Roger Theder (77) former California football coach. Theder spent 10 seasons on the UC Berkeley coaching staff, including a four-year stretch as head coach from 1978–81. He led the Golden Bears to their first bowl game in 21 years when they made it to the Garden State Bowl in 1979 and finished with an 18-27 career record. Theder later was an assistant coach with the Baltimore Colts and the San Diego Chargers in the NFL. He also had assistant coaching stints at Stanford and San Jose State. He died of Parkinson’s disease in Berkeley, California on October 1, 2016.

Mike Towell (25) Scottish boxer who died after suffering severe bleeding and swelling in his brain during a televised fight.

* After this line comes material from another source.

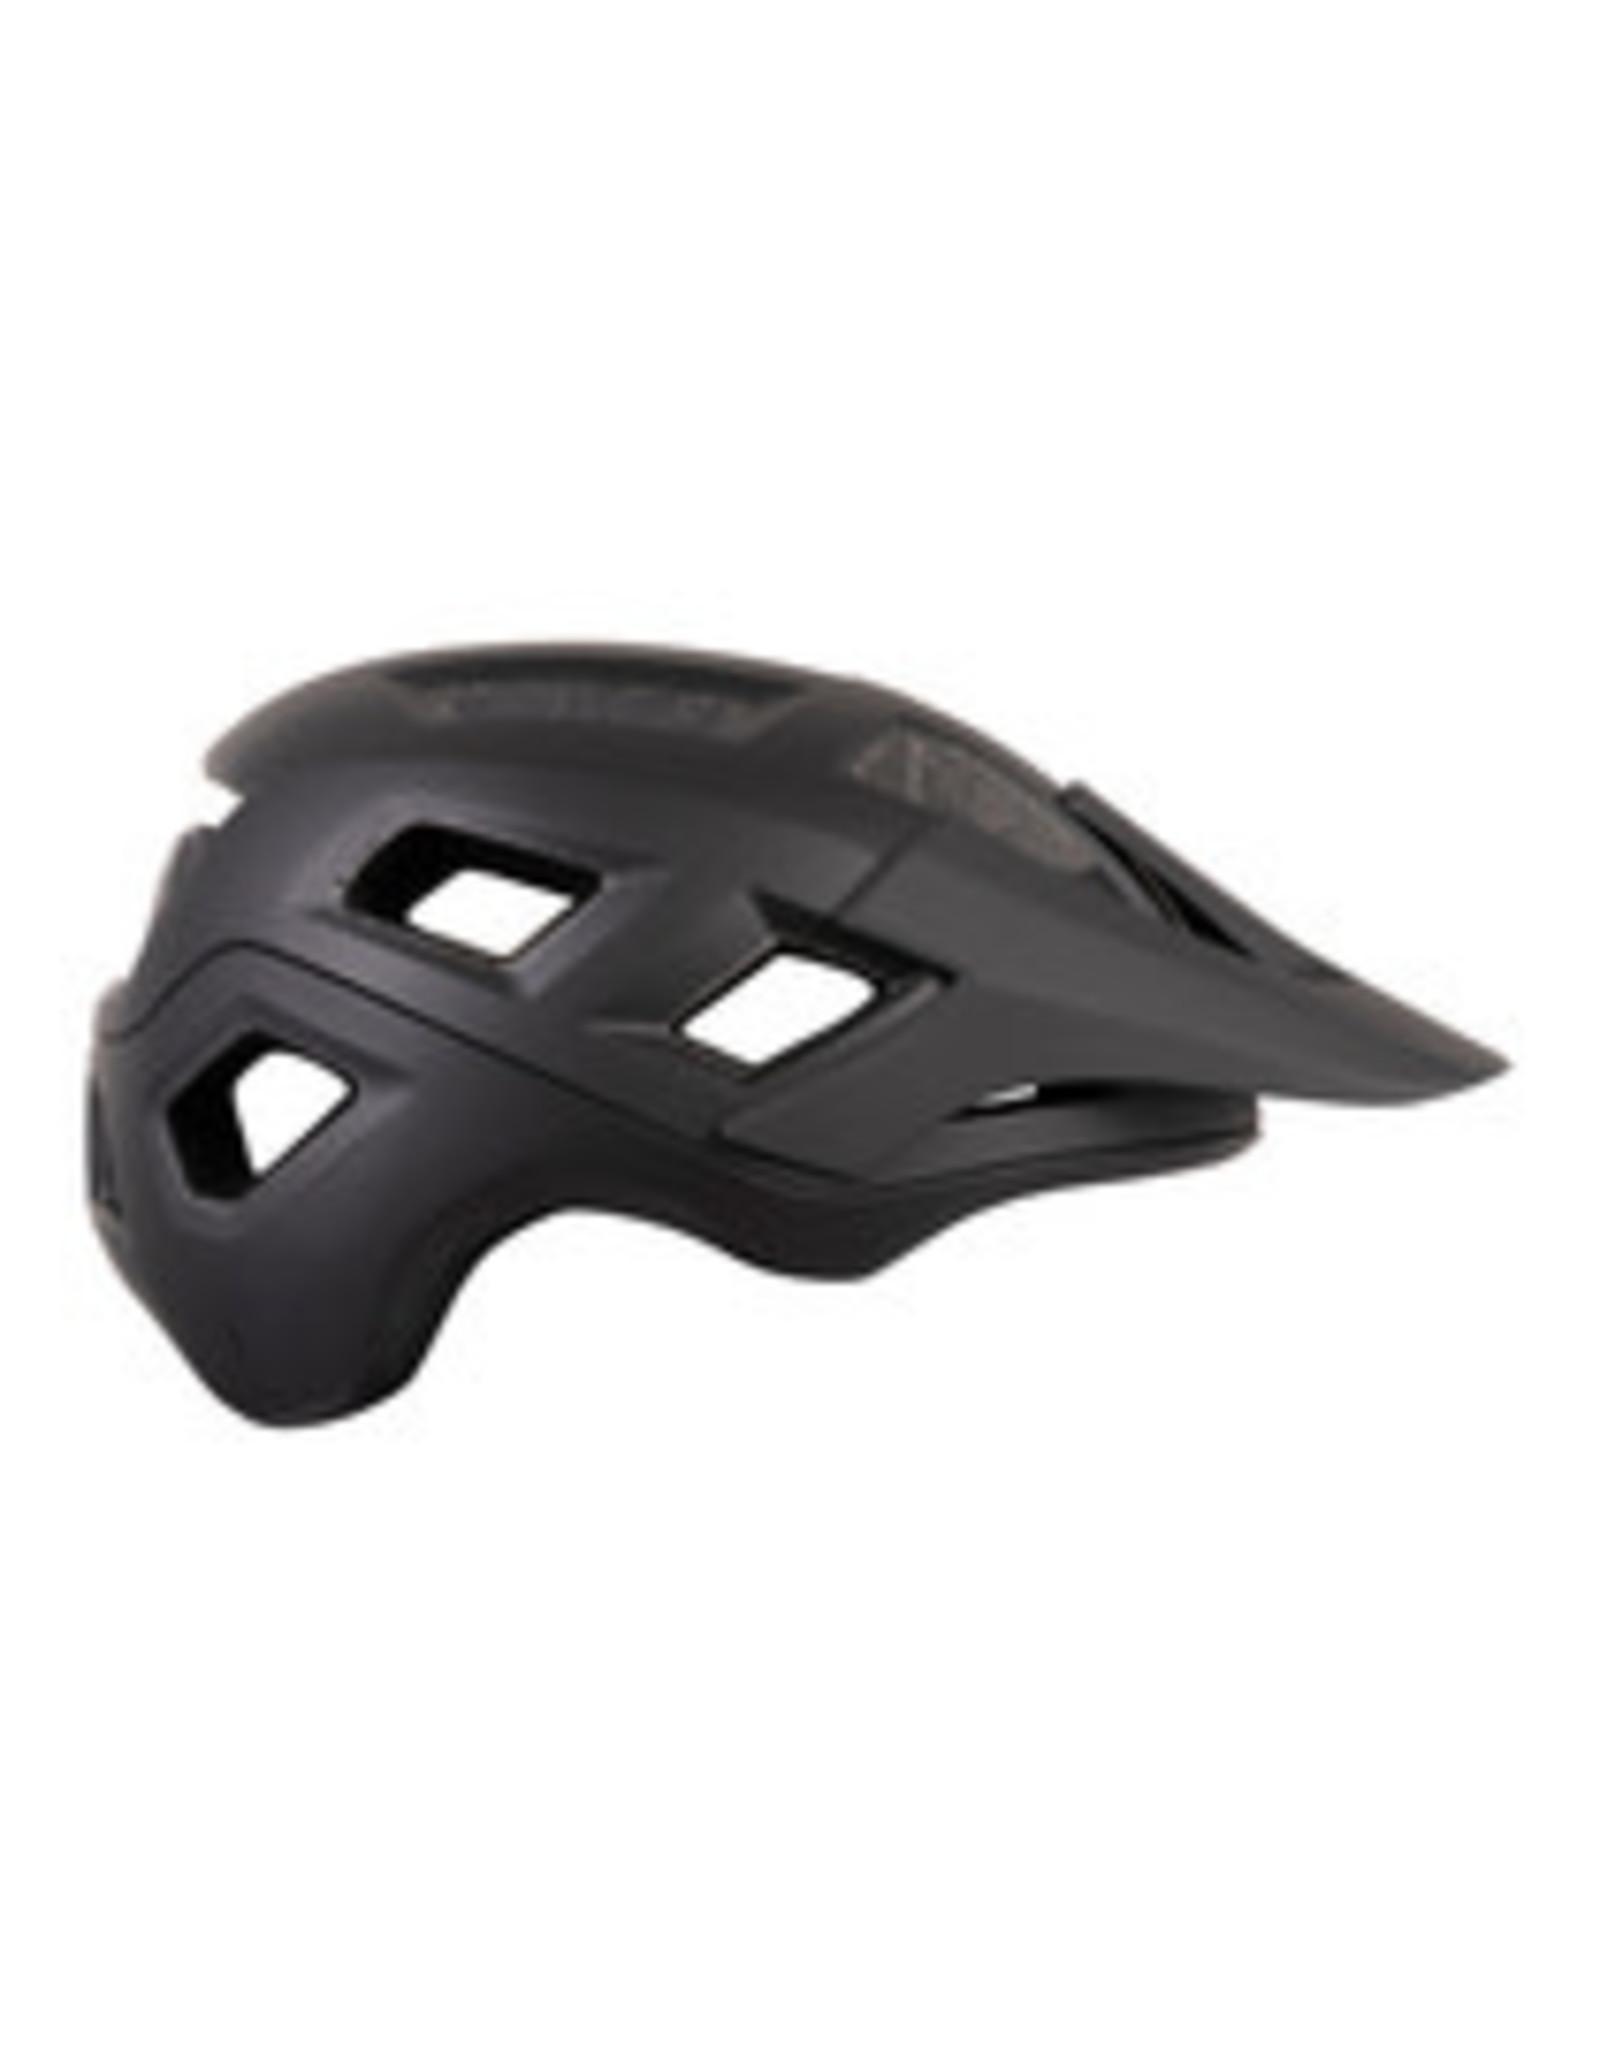 LAZER Lazer Coyote Helmet with MIPS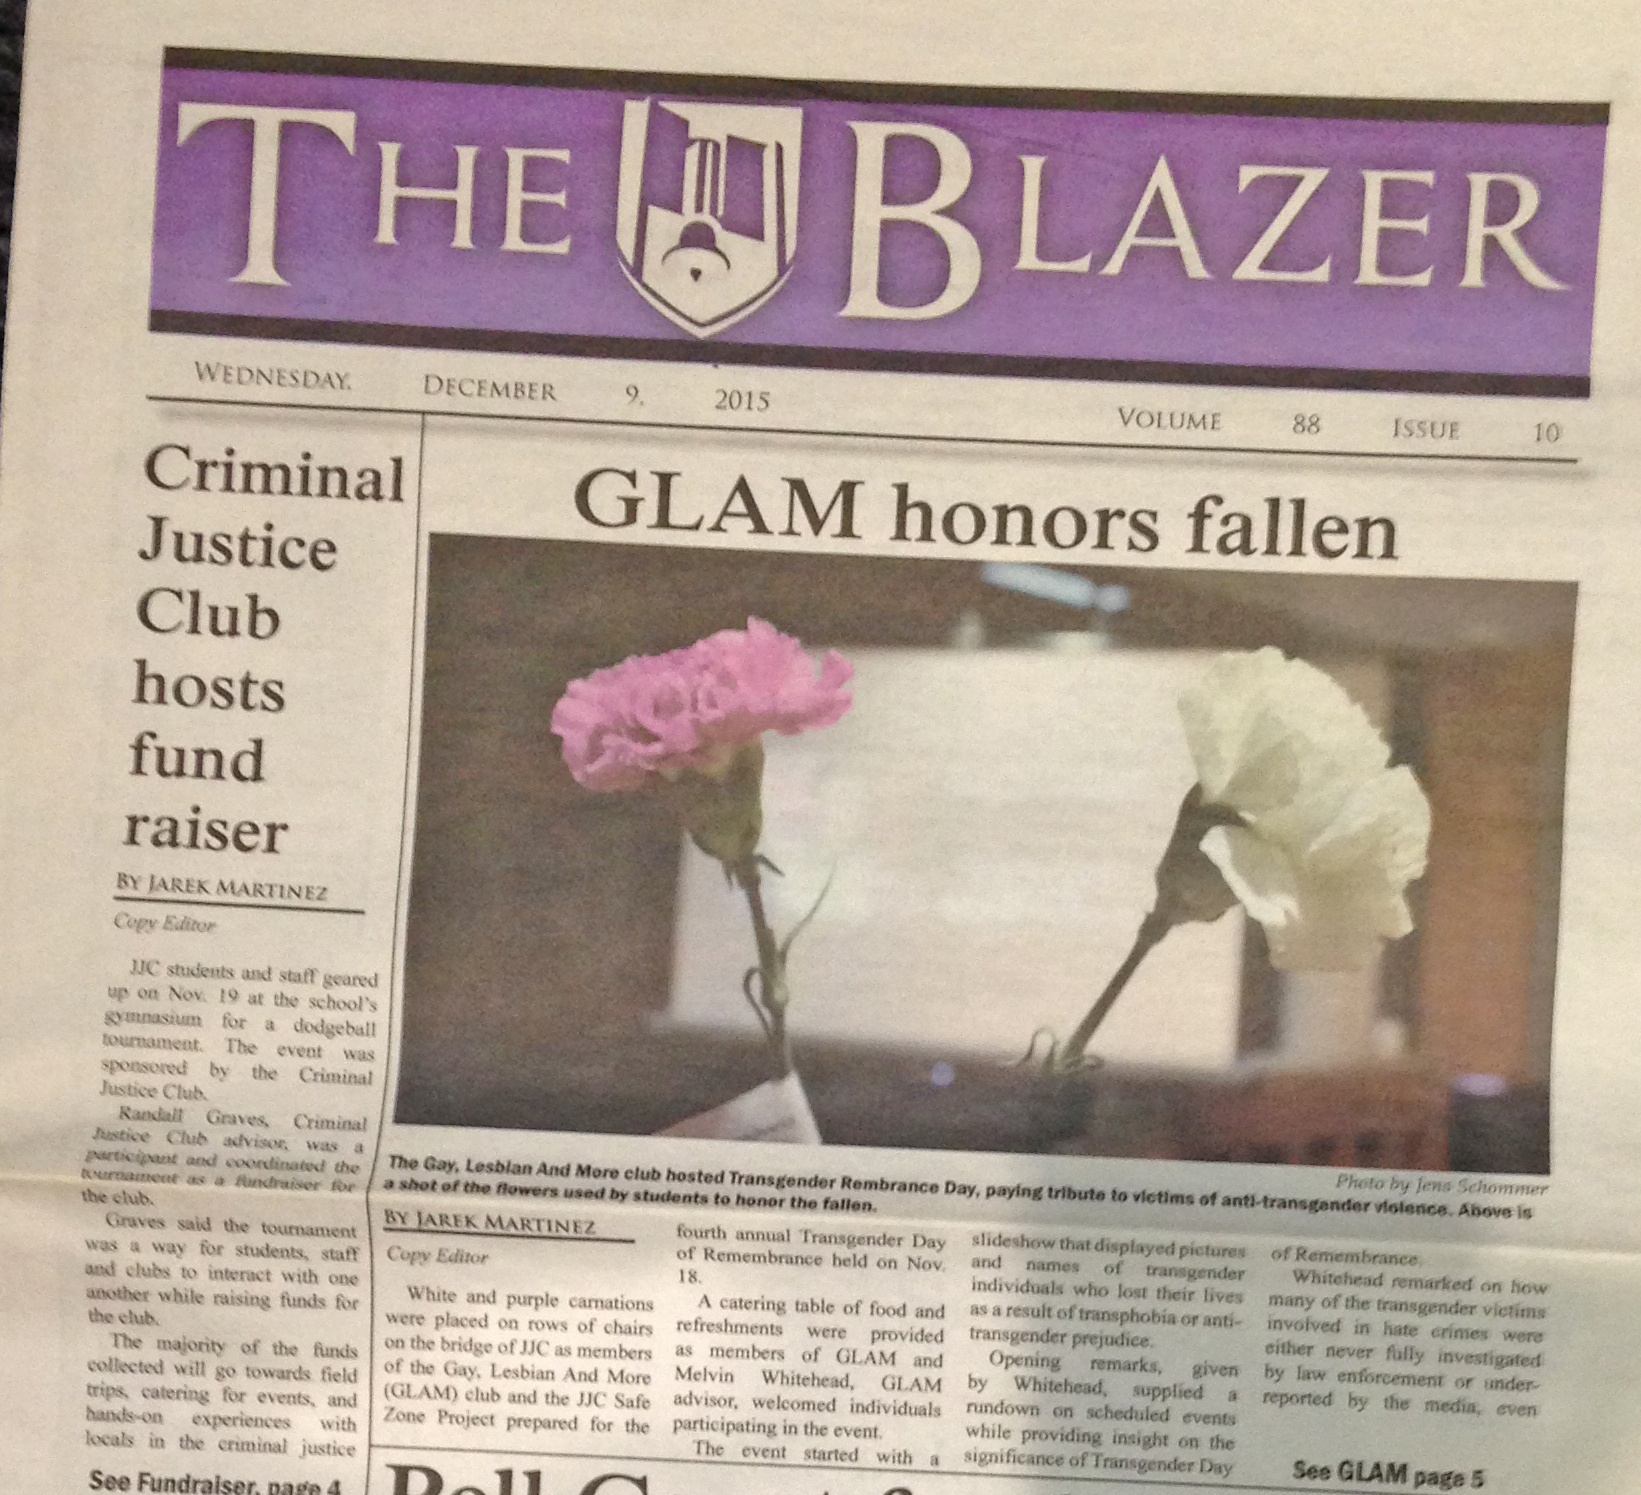 2015_Edition_of_the_Blazer2.jpg

Towell had to be carried from the ring on a stretcher after a fifth-round loss to Dale Evans in Glasgow on September 29. He had been undefeated going into the fight—an eliminator for the British welterweight title—with 11 wins and one draw on his professional record. He died in Glasgow, Scotland, 12 hours after being taken off life support, on September 30, 2016.

Max Walker (68) former Australian cricketer whose awkward and unorthodox bowling action earned him the nickname Tangles. Walker played 34 test matches between 1972–77, taking 138 wickets at an average of 27.47, including six five-wicket hauls. He also took 20 wickets in 17 one-day internationals from 1974–81. He was a useful batsman who scored 586 runs at 19.53, including an unbeaten 78 in his final test against England at the Oval. After retiring from cricket, Walker became a commentator, a popular raconteur, and a best-selling author. He died of cancer in Melbourne, Australia on September 28, 2016.